Conversion of RE to NFA

Finite Automaton (FA)

A Finite Automaton (FA) is a mathematical model of computation that acts as an abstract machine for recognizing patterns. It consists of a finite number of states and transitions between them, based on input symbols.

Its main purpose is to determine whether an input string conforms to a predefined pattern — accepting or rejecting it.

Formally, an FA is a 5-tuple:

[ M = (Q, \Sigma, \delta, q_0, F) ]

where:

  • Q → Finite set of states
  • Σ (Sigma) → Finite set of input symbols (alphabet)
  • δ (delta) → Transition function
    • DFA: (\delta : Q \times \Sigma \to Q)
    • NFA: (\delta : Q \times \Sigma \to 2^Q) (set of possible next states)
  • q₀ → Initial state ((q₀ \in Q))
  • F → Set of accepting (final) states, (F \subseteq Q)

Applications:
Finite automata form the foundation of regular languages and are used in:

  • Compiler design (lexical analysis)
  • Pattern matching
  • Input validation

Regular Expressions (RE)

A Regular Expression (RE) is a symbolic representation of a regular language. It defines patterns over an alphabet using operators such as union, concatenation, and repetition.

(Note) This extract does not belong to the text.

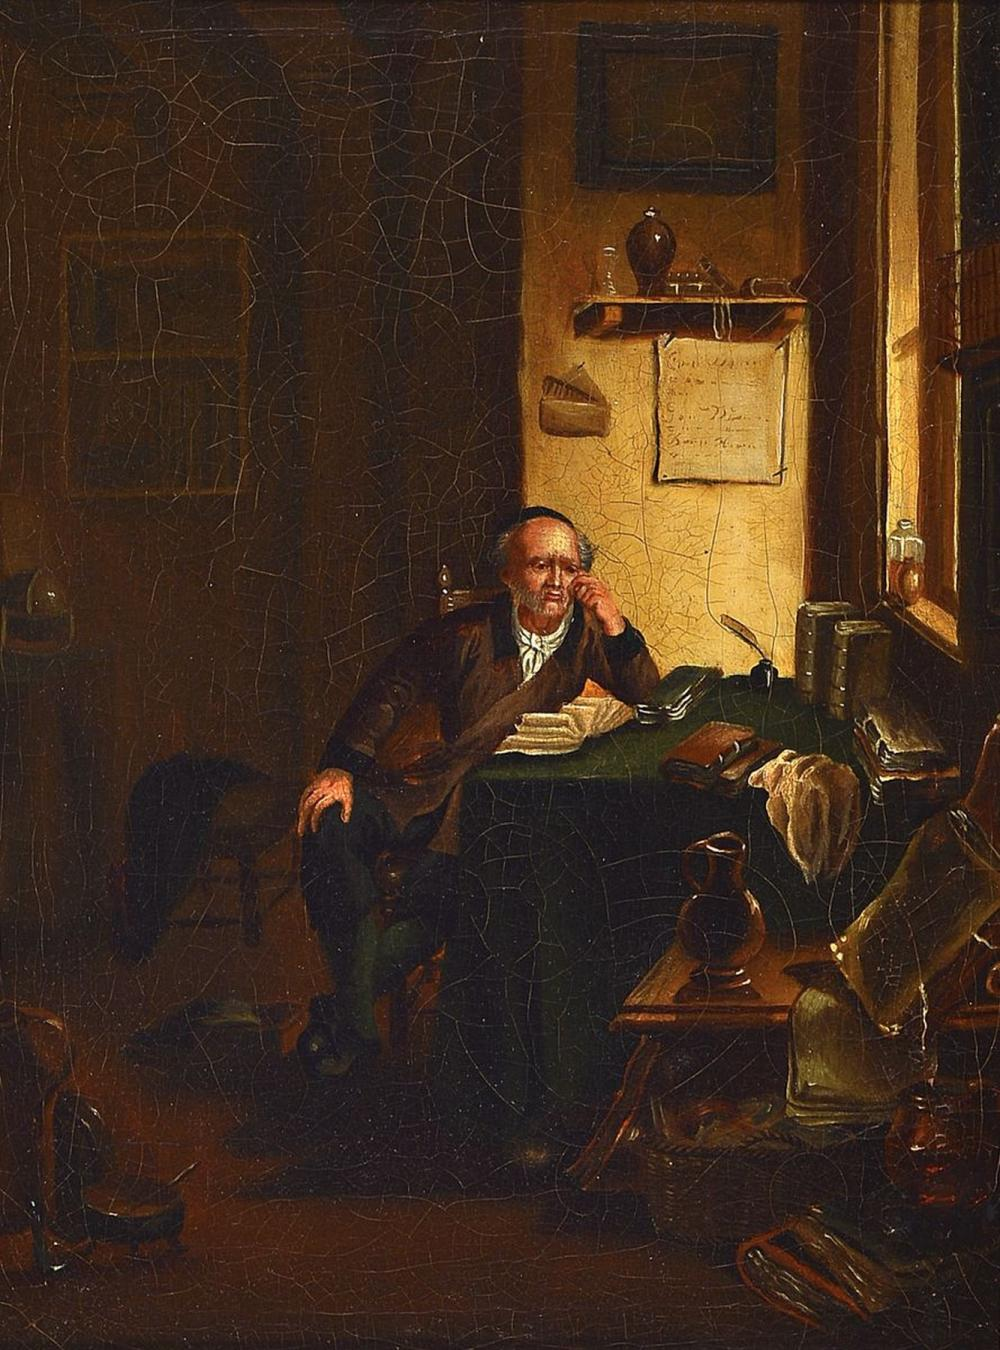 Unidentified artist, german, mid 19th century,The scholar

A language is regular iff it can be described by a regular expression.

Formal Definition of Regular Expressions

Let Σ be an alphabet. The set of regular expressions over Σ is defined recursively:

Base Cases
  1. Empty set (∅):

    • RE:
    • Language: (L(∅) = {}) (no strings)
  2. Empty string (ε):

    • RE: ε
    • Language: (L(ε) = {""})
  3. Single symbol (a ∈ Σ):

    • RE: a
    • Language: (L(a) = {"a"})
Recursive Cases (If R₁ and R₂ are REs)
  1. Union (R₁ | R₂):
    [ L(R₁ \mid R₂) = L(R₁) \cup L(R₂) ]

  2. Concatenation (R₁R₂):
    [ L(R₁R₂) = {xy \mid x \in L(R₁),; y \in L(R₂)} ]

  3. Kleene Star (R₁):*
    [ L(R₁^*) = {\epsilon, w, ww, www, \dots \mid w \in L(R₁)} ]

  4. Parentheses ():

    • Used for grouping, e.g., ((a \mid b)c)

Non-Deterministic Finite Automaton (NFA)

An NFA is a finite automaton where multiple transitions for the same symbol are allowed, and ε-transitions (without consuming input) are possible.

Characteristics
  • Multiple transitions: From one state, there may be several outgoing transitions for the same input.
  • ε-transitions: State changes can occur without reading input.
  • Acceptance rule: An input is accepted if at least one computation path leads to an accepting state.
  • Equivalence: Every NFA has an equivalent DFA, though conversion may cause an exponential increase in states.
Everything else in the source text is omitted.